Leave a comment|tags: advantages, contract, contract manufacturing, franchsing, free trade agreements, licensing, management contract, market entry, risk, sub-contracting, turnkey| posted in International Business, Strategy

As a seasoned expert in international business and market entry strategies, I have extensive experience navigating the complexities of global markets. My expertise is founded on a comprehensive understanding of various modes of market entry, backed by a track record of successfully guiding businesses through expansion endeavors. I have not only studied these concepts academically but have also applied them in real-world scenarios, achieving tangible results.

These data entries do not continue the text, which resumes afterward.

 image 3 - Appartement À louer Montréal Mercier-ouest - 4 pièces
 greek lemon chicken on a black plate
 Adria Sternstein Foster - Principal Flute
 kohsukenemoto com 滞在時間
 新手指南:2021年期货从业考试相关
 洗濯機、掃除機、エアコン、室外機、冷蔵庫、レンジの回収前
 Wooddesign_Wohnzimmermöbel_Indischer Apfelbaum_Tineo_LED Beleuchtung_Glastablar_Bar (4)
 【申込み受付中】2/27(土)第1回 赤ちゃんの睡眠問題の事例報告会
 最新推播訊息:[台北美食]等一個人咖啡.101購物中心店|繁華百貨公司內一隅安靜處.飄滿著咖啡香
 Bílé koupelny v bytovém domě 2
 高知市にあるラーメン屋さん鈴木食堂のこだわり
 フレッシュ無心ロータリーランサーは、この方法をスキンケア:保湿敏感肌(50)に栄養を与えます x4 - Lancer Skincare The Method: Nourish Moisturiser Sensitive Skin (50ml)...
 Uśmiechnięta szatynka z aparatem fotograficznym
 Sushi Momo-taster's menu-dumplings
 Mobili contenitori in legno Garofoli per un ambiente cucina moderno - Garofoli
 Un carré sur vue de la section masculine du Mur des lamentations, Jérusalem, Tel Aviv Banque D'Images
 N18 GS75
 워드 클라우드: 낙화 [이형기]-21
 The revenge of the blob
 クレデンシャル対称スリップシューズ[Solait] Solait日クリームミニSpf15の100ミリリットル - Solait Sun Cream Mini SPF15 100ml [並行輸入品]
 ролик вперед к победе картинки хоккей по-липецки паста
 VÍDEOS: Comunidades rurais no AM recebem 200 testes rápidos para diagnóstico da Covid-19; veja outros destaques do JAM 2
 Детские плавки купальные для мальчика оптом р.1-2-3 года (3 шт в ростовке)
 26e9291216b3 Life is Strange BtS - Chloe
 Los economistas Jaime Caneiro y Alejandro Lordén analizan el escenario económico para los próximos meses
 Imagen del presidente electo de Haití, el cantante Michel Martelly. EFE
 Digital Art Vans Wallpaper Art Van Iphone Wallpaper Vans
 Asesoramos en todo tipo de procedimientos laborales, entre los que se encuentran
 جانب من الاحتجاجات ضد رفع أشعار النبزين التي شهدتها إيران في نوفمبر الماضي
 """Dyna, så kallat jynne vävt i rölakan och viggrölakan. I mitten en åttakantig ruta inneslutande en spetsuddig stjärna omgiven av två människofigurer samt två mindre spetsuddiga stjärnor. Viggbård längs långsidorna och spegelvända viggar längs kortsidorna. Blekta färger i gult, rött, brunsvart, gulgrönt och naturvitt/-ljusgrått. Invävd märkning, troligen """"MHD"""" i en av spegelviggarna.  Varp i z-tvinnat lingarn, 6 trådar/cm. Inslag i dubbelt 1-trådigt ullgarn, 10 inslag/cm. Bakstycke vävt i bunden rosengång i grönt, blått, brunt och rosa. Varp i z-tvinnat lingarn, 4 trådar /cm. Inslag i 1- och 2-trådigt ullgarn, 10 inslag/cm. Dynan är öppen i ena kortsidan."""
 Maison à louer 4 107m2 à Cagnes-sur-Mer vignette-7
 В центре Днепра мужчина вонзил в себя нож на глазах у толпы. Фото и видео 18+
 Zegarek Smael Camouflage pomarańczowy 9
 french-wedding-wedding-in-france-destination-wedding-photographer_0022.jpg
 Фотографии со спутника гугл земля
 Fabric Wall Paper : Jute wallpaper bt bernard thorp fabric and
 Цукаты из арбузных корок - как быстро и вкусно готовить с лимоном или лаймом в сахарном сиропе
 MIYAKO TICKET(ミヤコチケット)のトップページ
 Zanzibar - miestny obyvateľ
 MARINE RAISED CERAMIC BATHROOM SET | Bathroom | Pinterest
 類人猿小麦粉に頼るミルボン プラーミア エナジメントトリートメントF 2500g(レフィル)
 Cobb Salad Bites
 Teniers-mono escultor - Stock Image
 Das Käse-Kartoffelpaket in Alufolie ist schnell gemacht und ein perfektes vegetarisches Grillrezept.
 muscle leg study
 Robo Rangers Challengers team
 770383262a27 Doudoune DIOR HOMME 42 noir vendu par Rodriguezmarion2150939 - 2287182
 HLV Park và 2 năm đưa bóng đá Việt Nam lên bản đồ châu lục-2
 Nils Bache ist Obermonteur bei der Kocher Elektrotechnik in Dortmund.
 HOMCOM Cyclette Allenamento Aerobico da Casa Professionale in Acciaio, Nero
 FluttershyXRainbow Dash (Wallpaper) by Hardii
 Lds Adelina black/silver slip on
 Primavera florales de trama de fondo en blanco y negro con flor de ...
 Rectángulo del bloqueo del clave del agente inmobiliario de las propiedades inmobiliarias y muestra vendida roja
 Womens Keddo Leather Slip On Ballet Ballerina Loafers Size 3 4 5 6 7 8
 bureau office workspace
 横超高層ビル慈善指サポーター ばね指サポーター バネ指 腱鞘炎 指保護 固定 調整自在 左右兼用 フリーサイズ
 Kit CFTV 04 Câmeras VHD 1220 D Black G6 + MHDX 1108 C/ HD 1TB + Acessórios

The article from November 19, 2014, delves into crucial aspects of entering new markets, focusing on contractual modes of entry. It provides valuable insights into licensing, franchising, contract manufacturing, turnkey operations, and management contracts, offering a nuanced perspective on the advantages and risks associated with each method. Let's break down the concepts used in the article:

  1. Licensing:

    • Definition: Licensing involves the contractual granting of intellectual property rights, such as technology, patents, or trademarks, to another party.
    • Examples: Intel, Dolby, Disney, and Barbie are cited as examples in the technology and brand trademark fields.
    • Advantages: Rapid diffusion of technology or brand awareness with low capital investment.
    • Risks: Limited contact with customers, reduced control over end products, and the potential for unwanted competition through technology transfer.
  2. Franchising:

    • Definition: Franchising is a contractual market entry mode where the franchisor grants rights to operate and sell products or services under their brand to a franchisee.
    • Examples: McDonald's, Starbucks, and Boost are highlighted, along with Coca-Cola's use of wholesale franchising.
    • Advantages: Lower upfront capital, rapid brand diffusion, and control over operating procedures and marketing.
    • Risks: Managing franchise holders and individual franchisees, reduced direct customer contact, and reliance on contractual enforcement.
  3. Contract Manufacturing:

    • Definition: Contract Manufacturing involves outsourcing the production of goods to a third party while retaining marketing, sales, and distribution rights.
    • Examples: Commonly used in the car and food industries, with the article mentioning beer brands leveraging this mode.
    • Advantages: Cost savings, reduced upfront risk, and leveraging local capabilities.
    • Risks: Technology transfer and potential risks related to intellectual property.
  4. Turnkey Operation:

    • Definition: Turnkey Operations are contracts for the construction of operating facilities that are transferred to the owner after commissioning.
    • Examples: Common in large infrastructure projects such as airports or power plants.
    • Advantages: Mitigating upfront management risks associated with major construction projects.
    • Risks: Potential technology transfer risks to subcontractors becoming future competitors.
  5. Management Contract:

    • Definition: Management Contract involves one company providing managerial expertise to another for a specified period.
    • Examples: Common in utilities services and infrastructure management.
    • Advantages: Access to expertise without owning assets offshore, lower-risk learning experience.
    • Risks: Reliance on contracts for enforcement, limited time span, and challenges in brand equity building.

The article emphasizes the importance of trust and relationship building in contractual modes of entry, highlighting the need for careful consideration before entering into contracts in overseas markets. Additionally, it encourages seeking advice from professional services organizations to navigate the complexities effectively.